THE TASK:
Return all the data below as it stands, minus the pictures.

(Collected data)
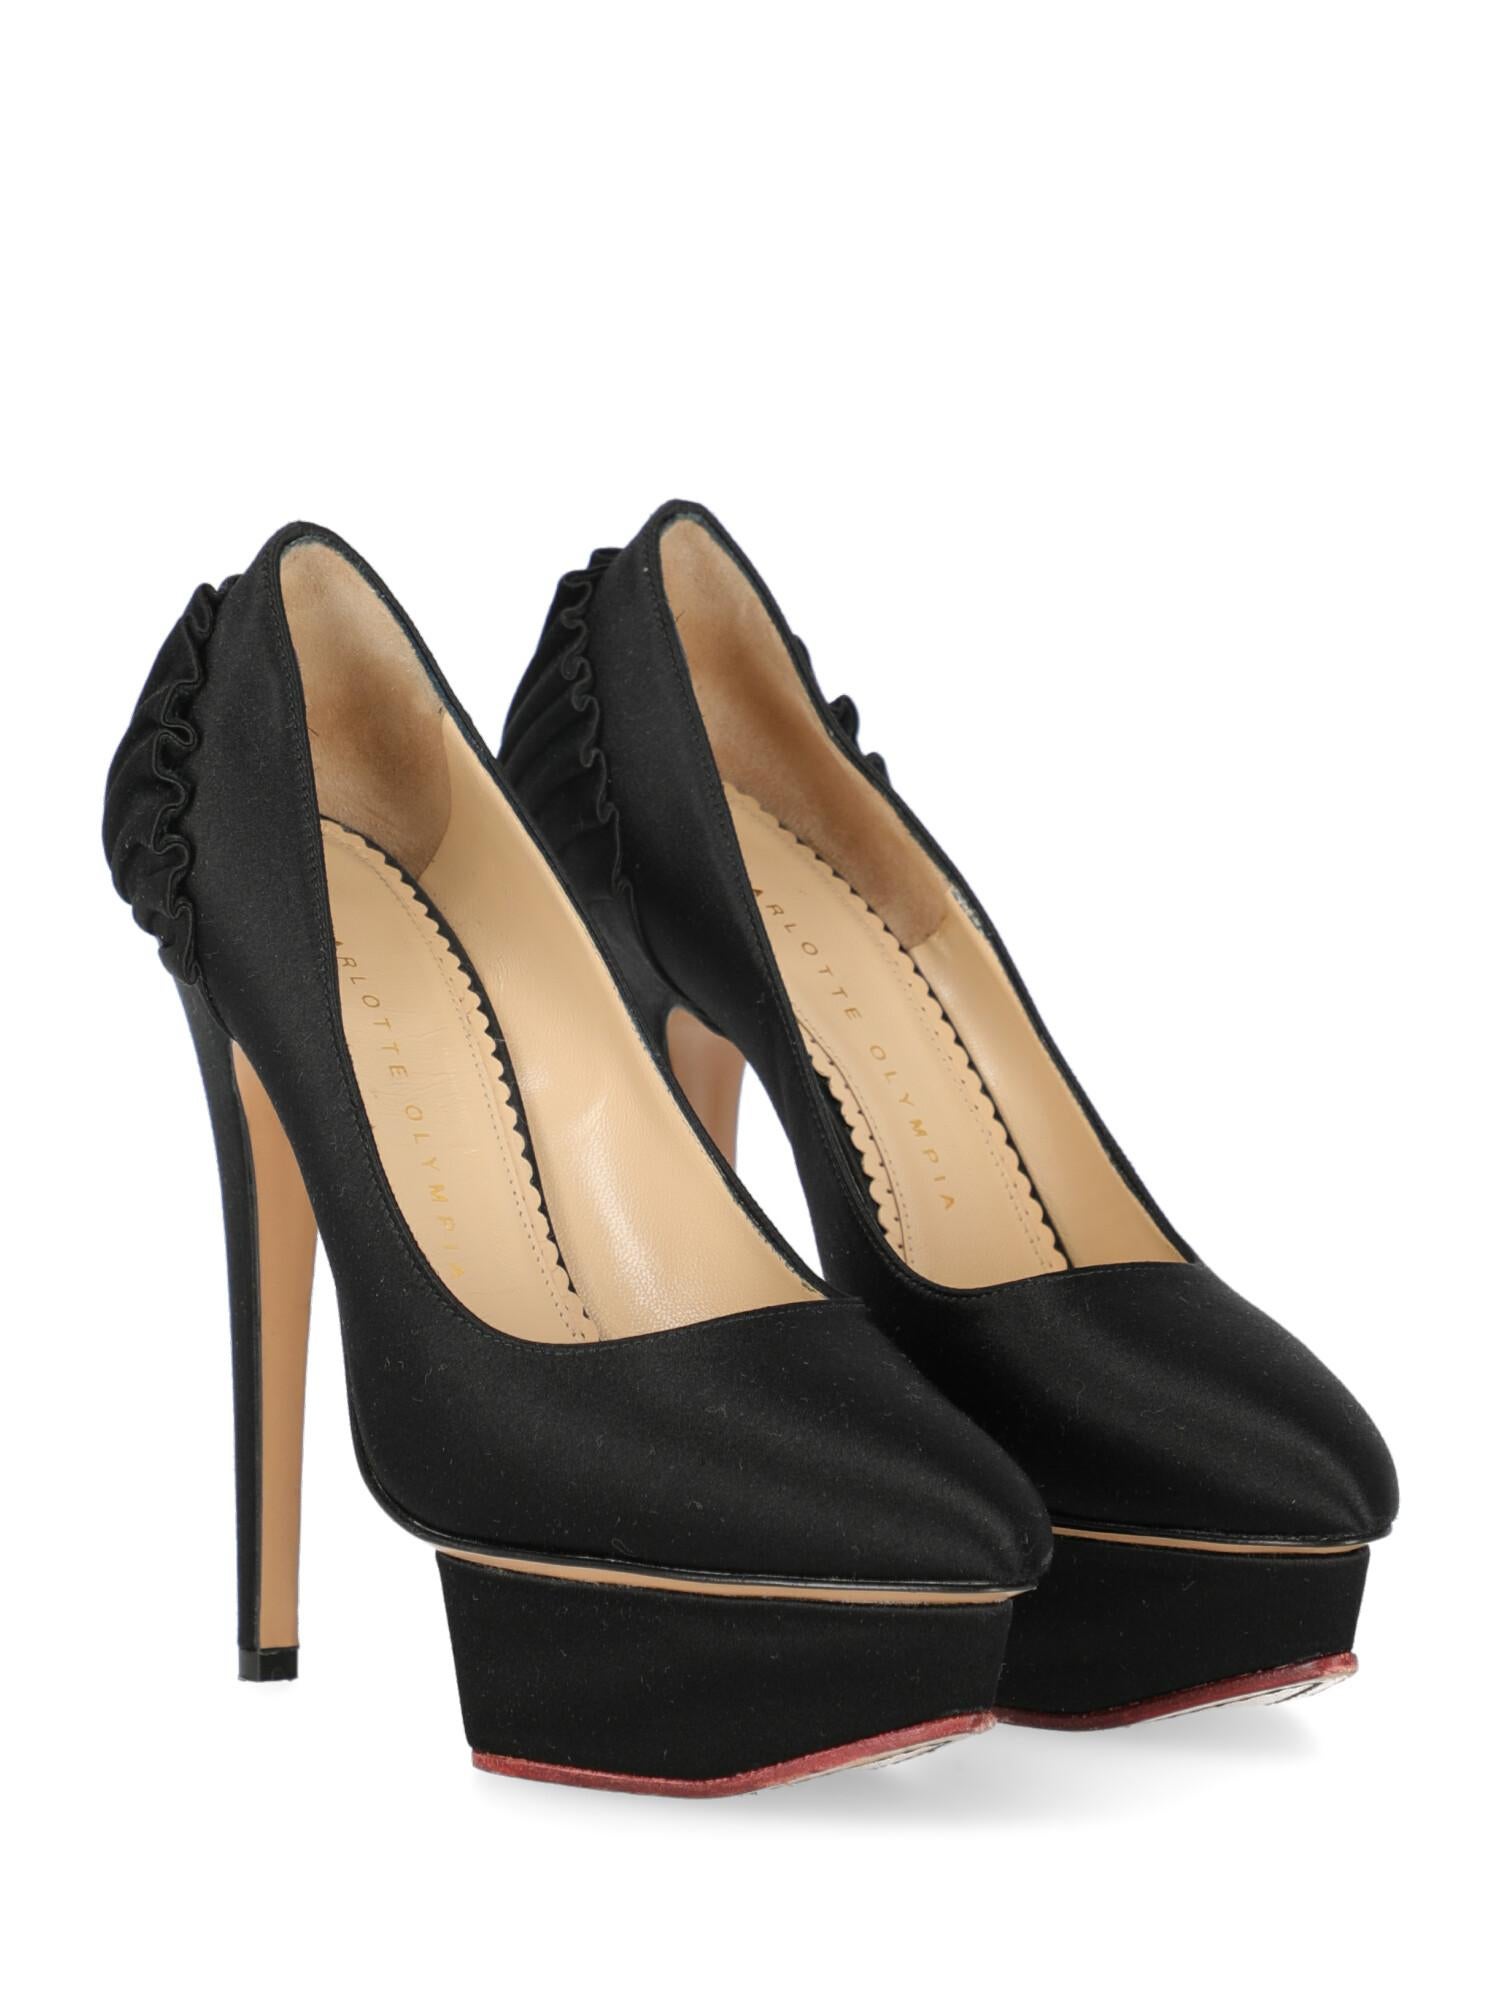 Shoe, fabric, solid color, internal logo, round toe, leather insole, tapered heel, high heel

Includes:
- Dust bag

Product Condition: Very Good
Sole: visible sign of use. Upper: slightly visible wrinkle. Insole: visible wrinkling, negligible

OUTPUT FOR THIS TASK:
 Shoe, fabric, solid color, internal logo, round toe, leather insole, tapered heel, high heel

Includes:
- Dust bag

Product Condition: Very Good
Sole: visible sign of use. Upper: slightly visible wrinkle. Insole: visible wrinkling, negligible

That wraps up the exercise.